Is beauty context-dependent? A priming study on facial attractiveness.

Werheid, K., Schacht, A., and Sommer, W.
Institute of Psychology, Humboldt University at Berlin, Germany
E-mail: katja.werheid@rz.hu-berlin.de

Recent research on affective face processing has revealed dissociable brain responses to attractive versus non-attractive faces. However, everyday experience suggests that judgements of attractiveness are context-dependent. The present study employed a priming technique in order to specify the influence of affectively congruent, incongruent or neutral primes on judgements of facial attractiveness.

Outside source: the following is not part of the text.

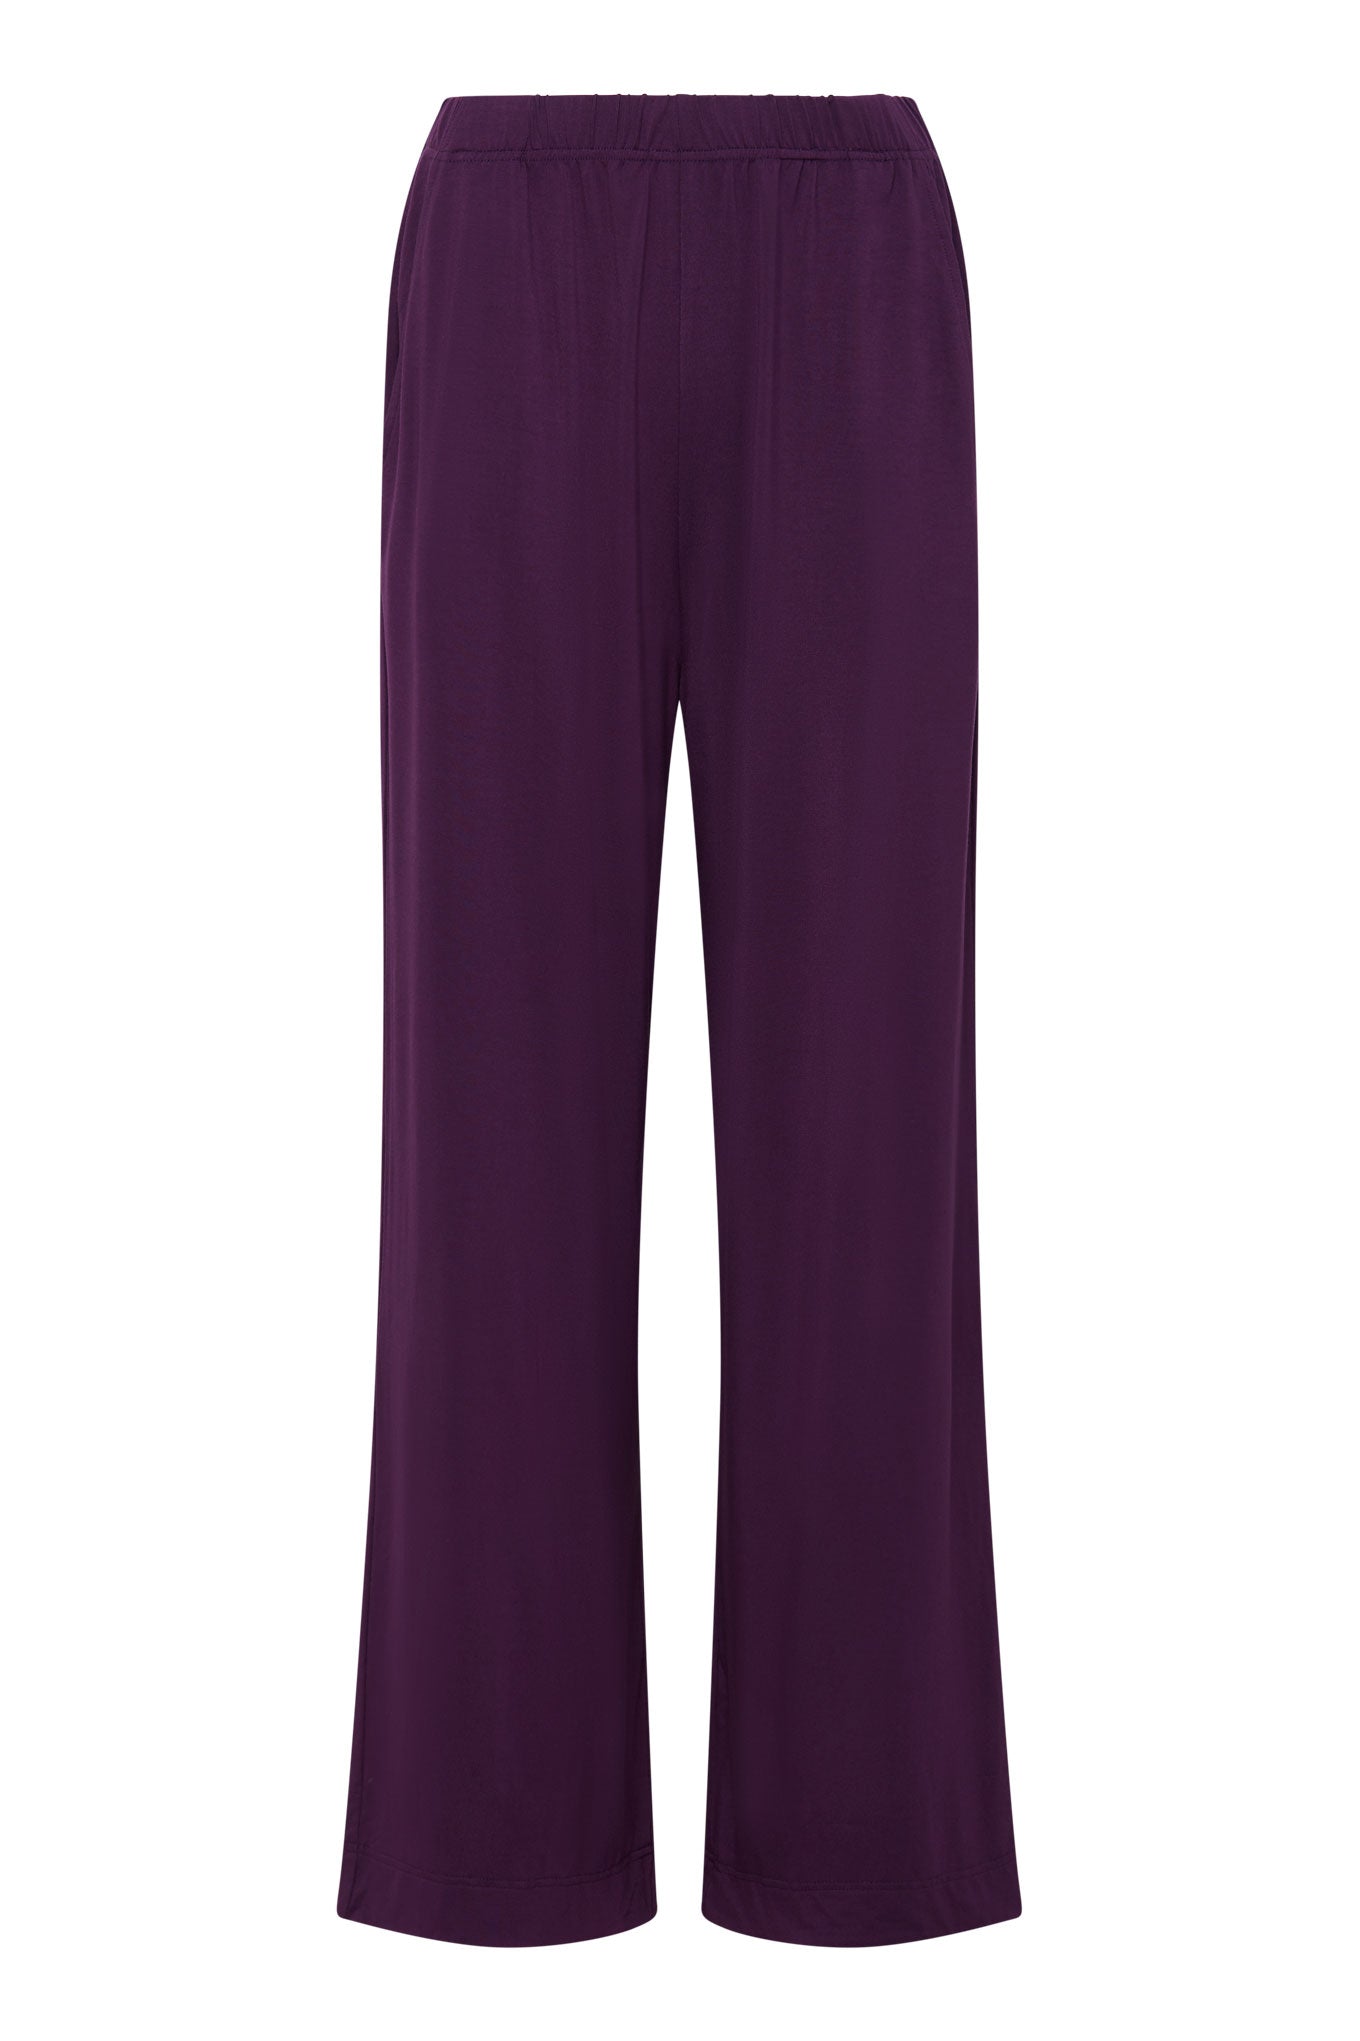 Mauve colored trousers BINITA made of modal by Komodo

Event-related potentials were recorded from twenty-four participants (12 female) while classifying faces as attractive or non-attractive. Each target face was preceded either by a affectively congruent or an incongruent portrait of another person. Additionally, pictures of objects from everyday life and scrambled faces served as affectively neutral primes. All stimuli were selected on the basis of pilot ratings.

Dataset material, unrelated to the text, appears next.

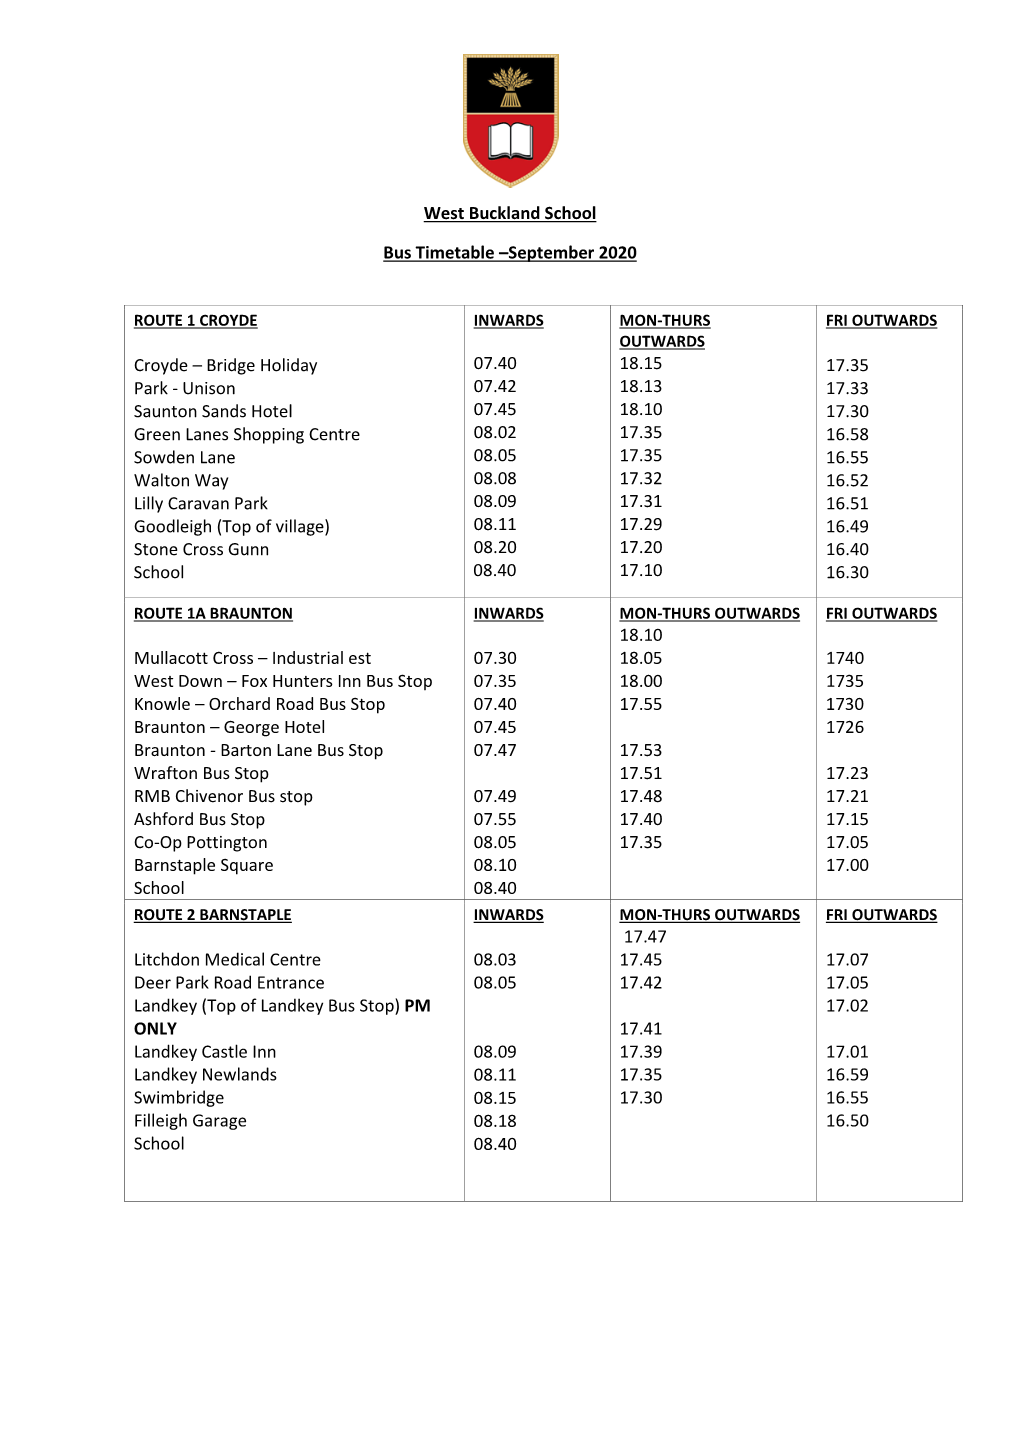 West Buckland School Bus Timetable –September 2020 Croyde – Bridge

The comparison of the three different prime type conditions revealed that the presence of an emotionally significant prime as compared to a neutral prime altered the processing of target faces, as indicated by attractiveness judgements, reaction times, and event-related potentials. When faces were preceded by another face, priming effects were found in affectively congruent as compared to incongruent trials. Our results support the view that judgements of facial attractiveness are influenced by the presence and by the valence of its immediate affective context.